Uzay yolculukları, Dünya dışındaki yaşam izlerini arama, gezegen atmosferi ve iklimi hakkında daha fazla bilgi edinme gibi birçok alanda kritik veriler sağlar. Bu yolculuklar, astronotlar için büyük cesaret ve dayanıklılık gerektiren bir deneyimdir. Uzaya fırlatılma fikri ne kadar korkutucu olsa da, astronotlar asıl tehlike ve korkunun geri dönüş yolculuğunda başladığını belirtiyor.
Uzay yolculuğu, insanlık için bir keşif ve cesaret sınavı olmanın yanı sıra, astronotlar için de sayısız zorluk ve tehlike barındırıyor. Astronotlar, özellikle Dünya'ya dönüşün, bu zorlukların en korkutucu olanı olduğunu belirtiyor.

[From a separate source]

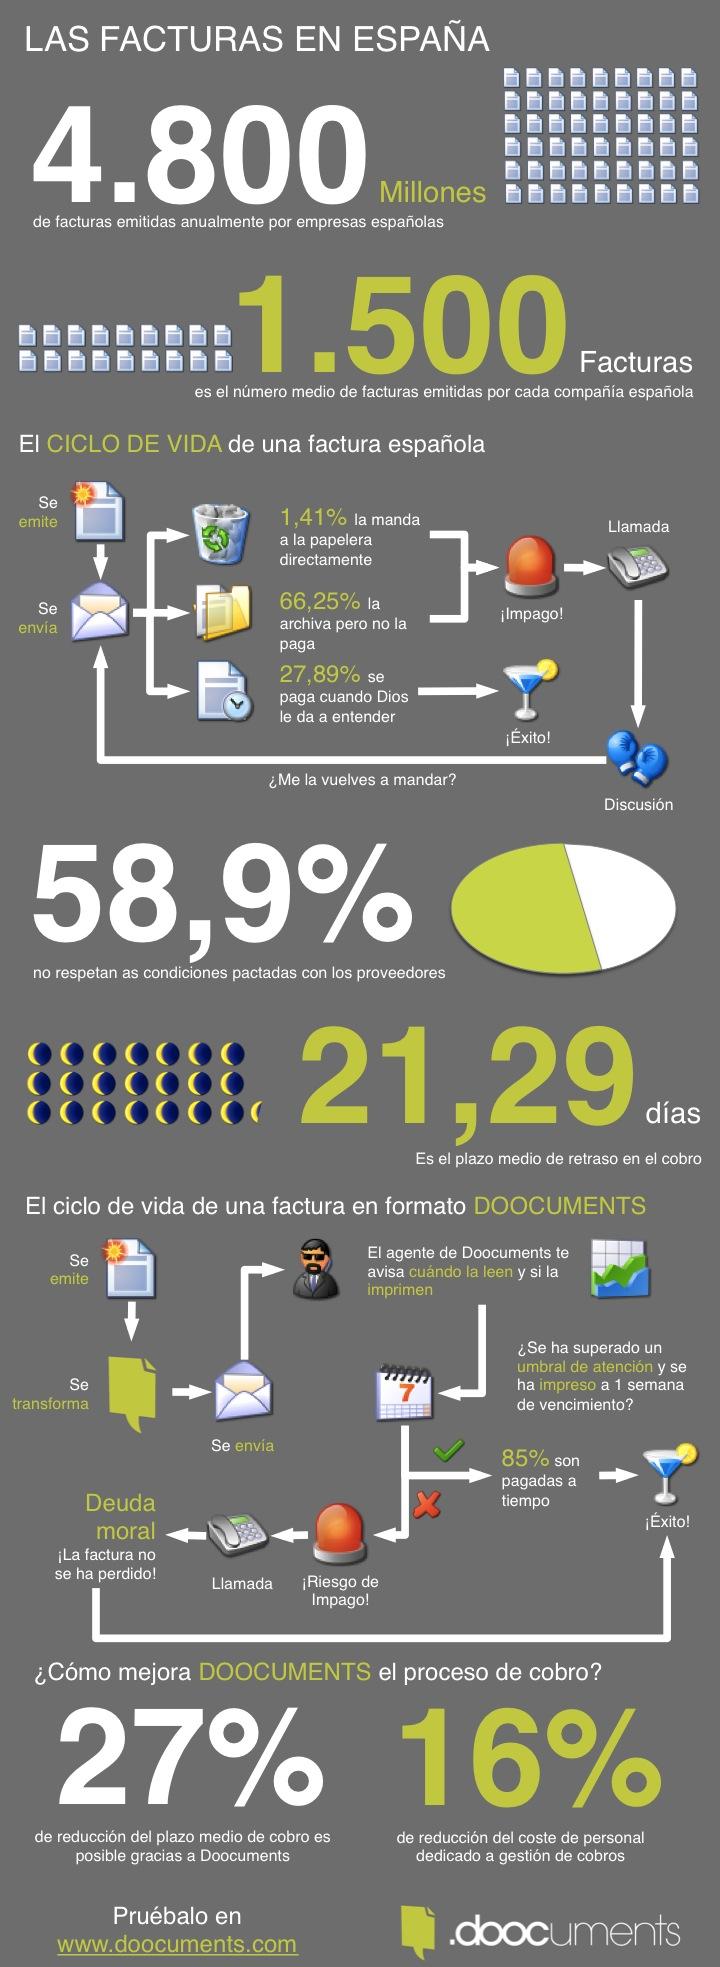 Las facturas en España

2018 yılında National Geographic’in "One Strange Rock" belgeselinde yer alan birkaç astronot, Dünya'ya geri dönüşün "bir astronotun yapabileceği en tehlikeli şey" olduğunu belirtti.
Dönüş sırasında, uzay aracındaki pencereden dışarı bakıldığında, 3 bin derece sıcaklıkta turuncu ve mor alevler görüldüğünü belirten astronotlar, bu anın oldukça korkutucu olduğunu vurguladı.
Dünya'ya dönüş yolculuğunun bu kadar korkutucu olmasının nedeni, hız, ses hızını bile geçen uzay aracının saatte yaklaşık 27 bin 300 kilometre gibi inanılmaz bir hızla atmosfere girmesi.
Uzay yolculuğu, insan vücudu üzerinde birçok riski barındırırken, astronotların Dünya'ya dönüşü sonrasında sağlık sorunları da ortaya çıkabiliyor.
Bu ayın başlarında, SpaceX Dragon kapsülünde 200 gün geçiren dört astronot, Dünya'ya indikten hemen sonra hastaneye kaldırıldı. Florida'ya 25 Ekim'de inen ekip, "aşırı tedbir" amacıyla Ascension Sacred Heart Pensacola Hastanesi'ne götürüldü. NASA, astronotların sağlık durumlarının iyi olduğunu söyledi ancak hastaneye kaldırılmalarının nedenini açıklamayı reddetti.
Astronotlar Matthew Dominick, Michael Barratt, Jeanette Epps ve Alexander Grebenkin'in sağlık durumlarının iyi olduğu, ancak tıbbi mahremiyet nedeniyle daha fazla bilgi paylaşılmadığı belirtildi.